### Information supplied
▽

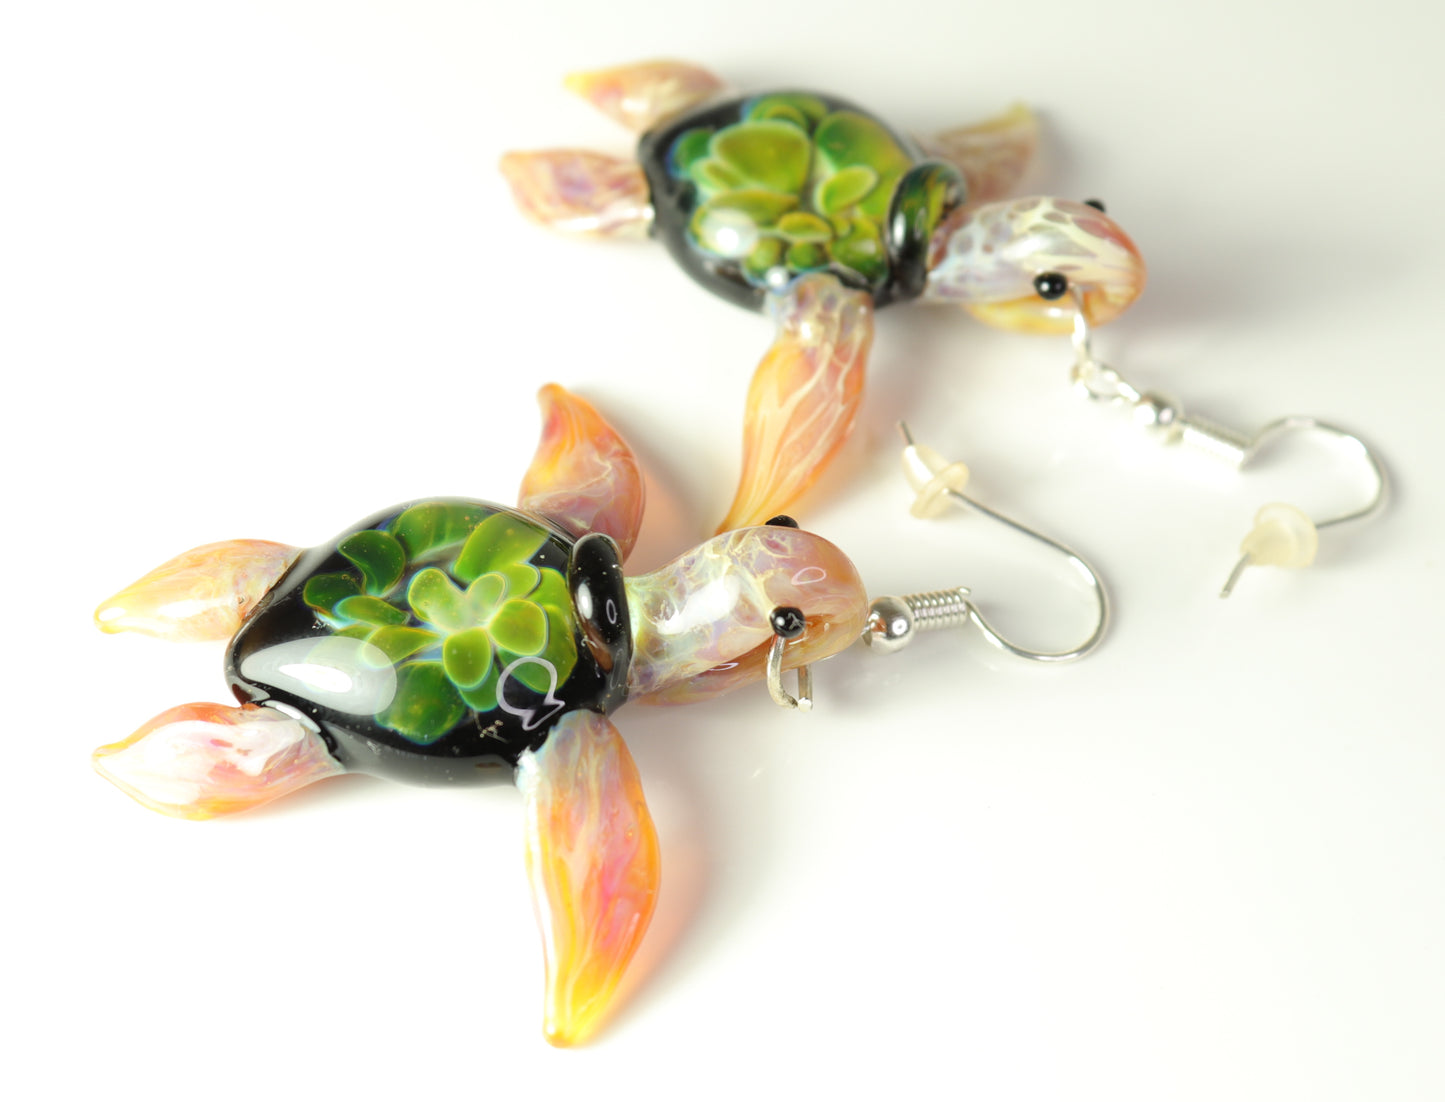 Exquisite Hawaiian Sea Turtle: Handcrafted Glass Earrings with Coral Reef Inside the Shell
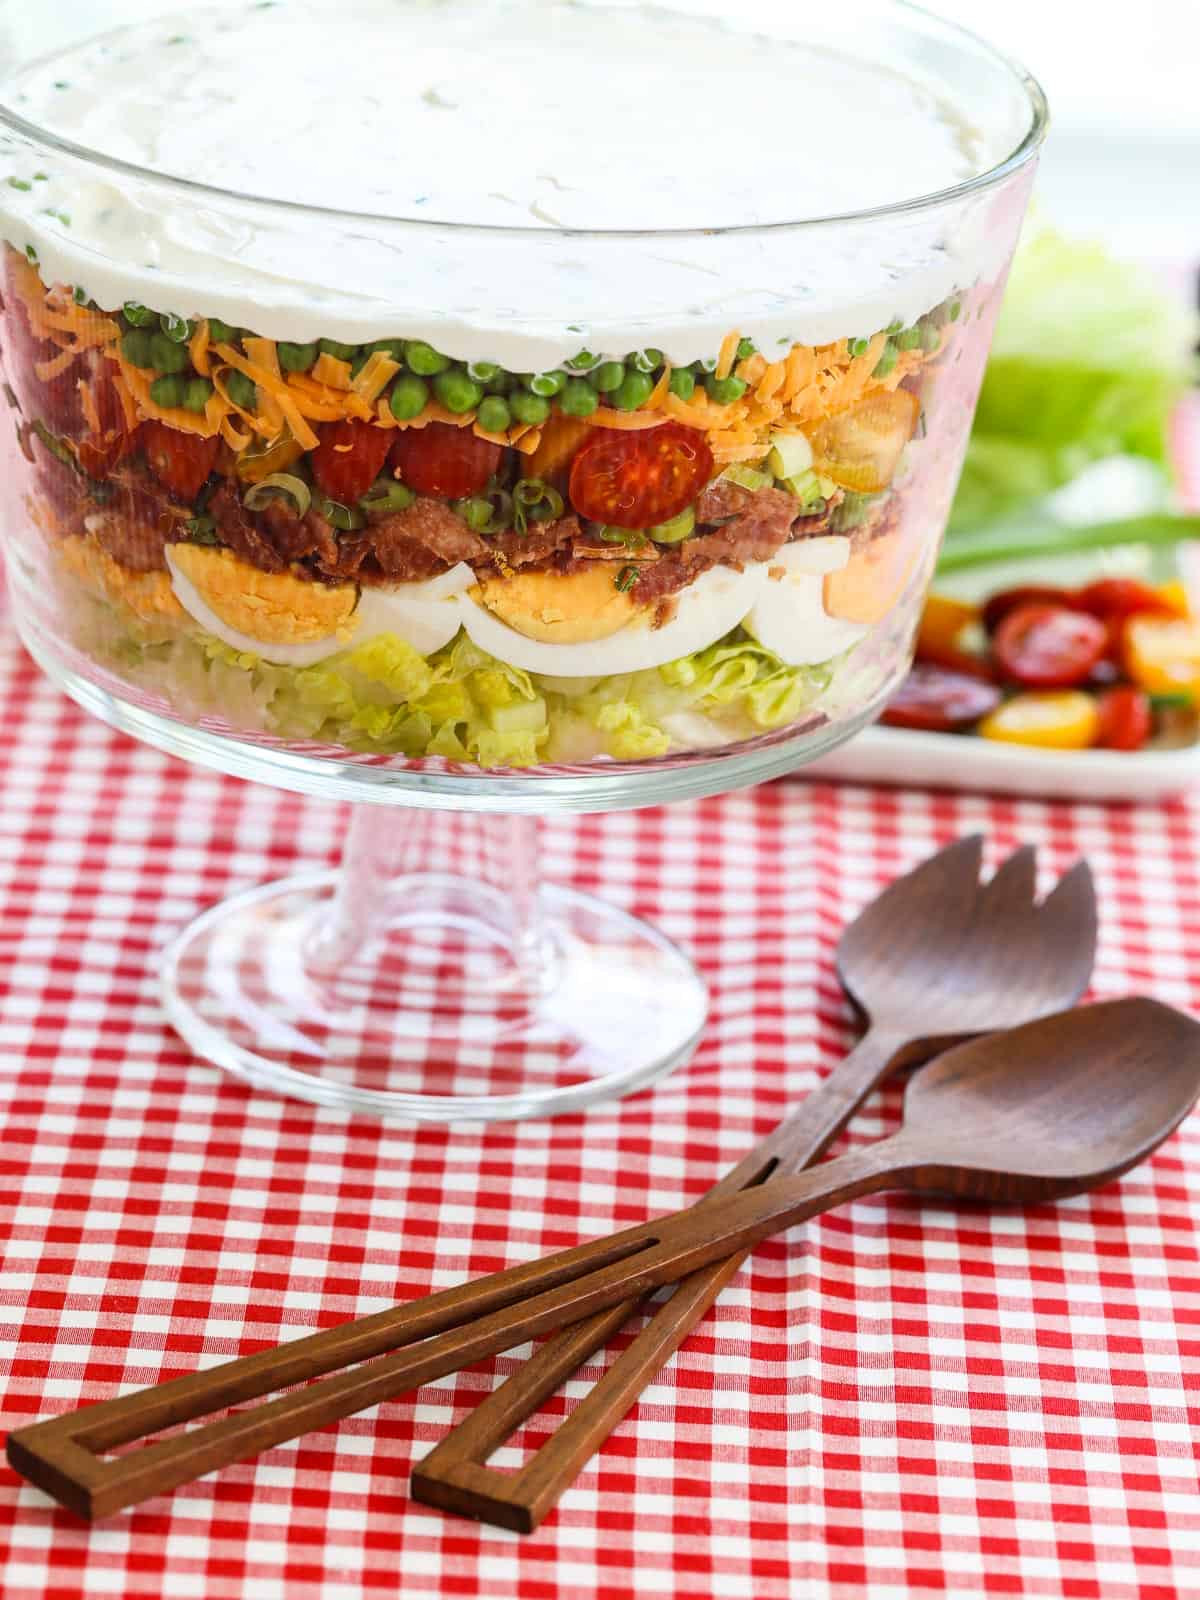 https://www.delicioustable.com/wp-content/uploads/2021/04/7-Layer-Salad-in-trifle-bowl.jpg
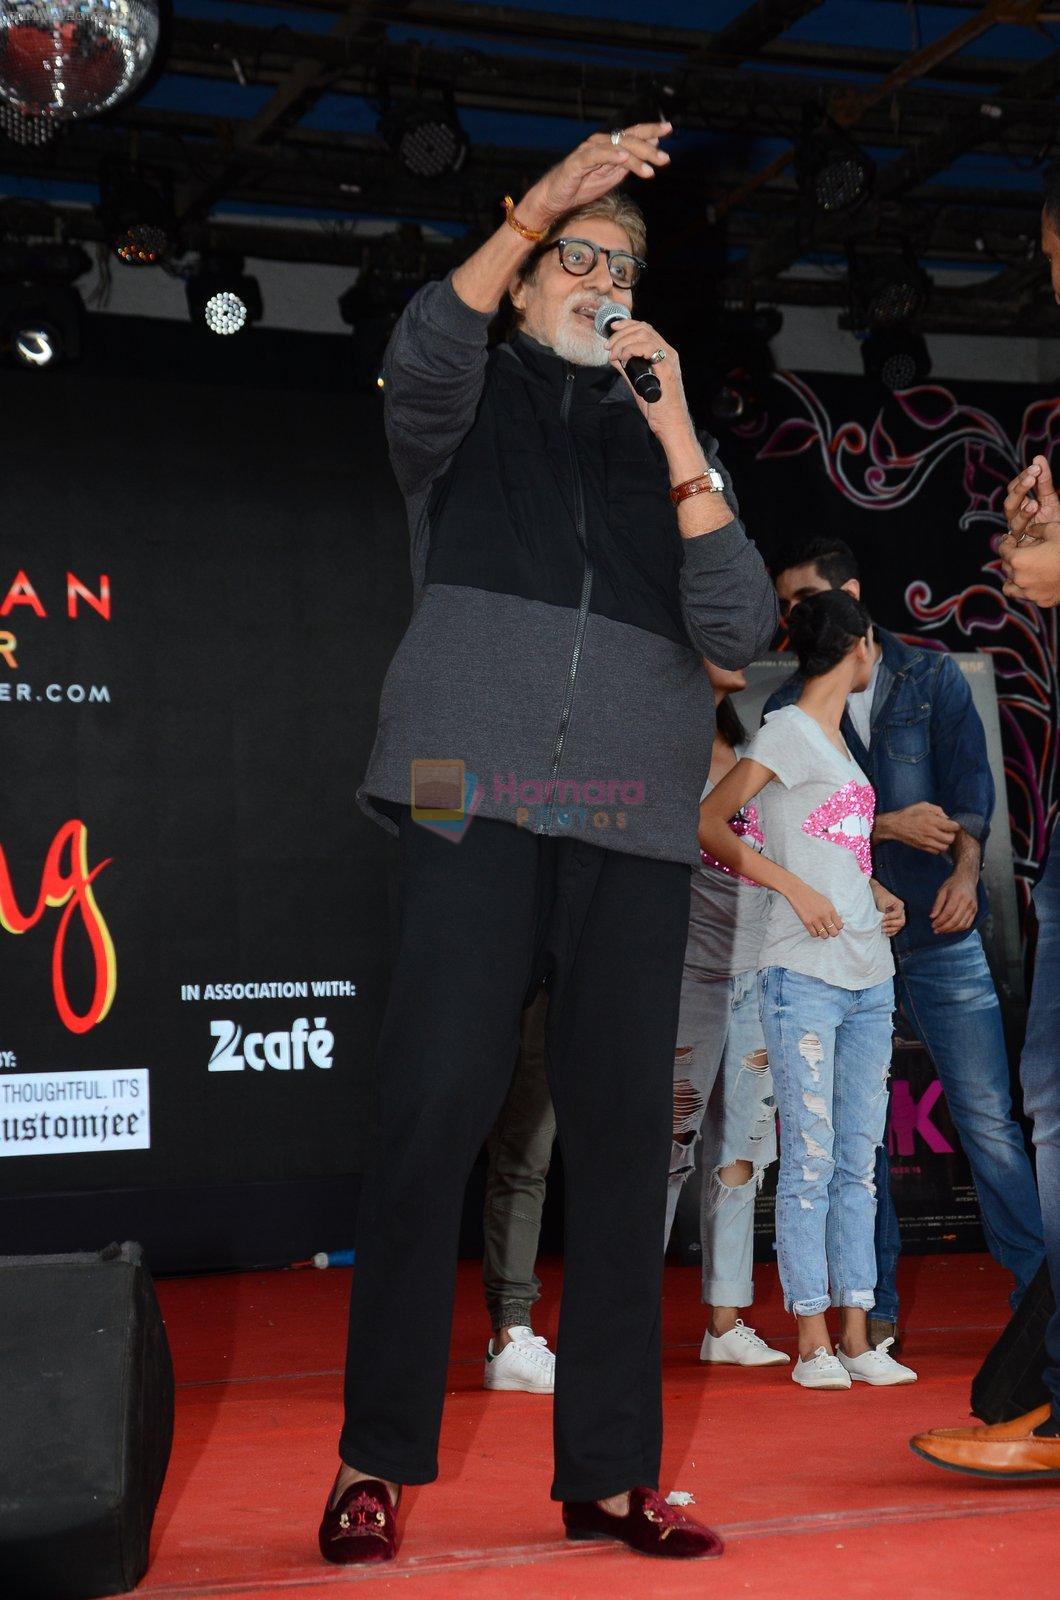 Amitabh Bachchan at Pink promotions in Umang fest on 17th Aug 2016

△

### Task
Write the listing out a second time exactly, dropping all images.

### Solution for this exercise
 Exquisite Hawaiian Sea Turtle: Handcrafted Glass Earrings with Coral Reef Inside the Shell
 https://www.delicioustable.com/wp-content/uploads/2021/04/7-Layer-Salad-in-trifle-bowl.jpg
 Amitabh Bachchan at Pink promotions in Umang fest on 17th Aug 2016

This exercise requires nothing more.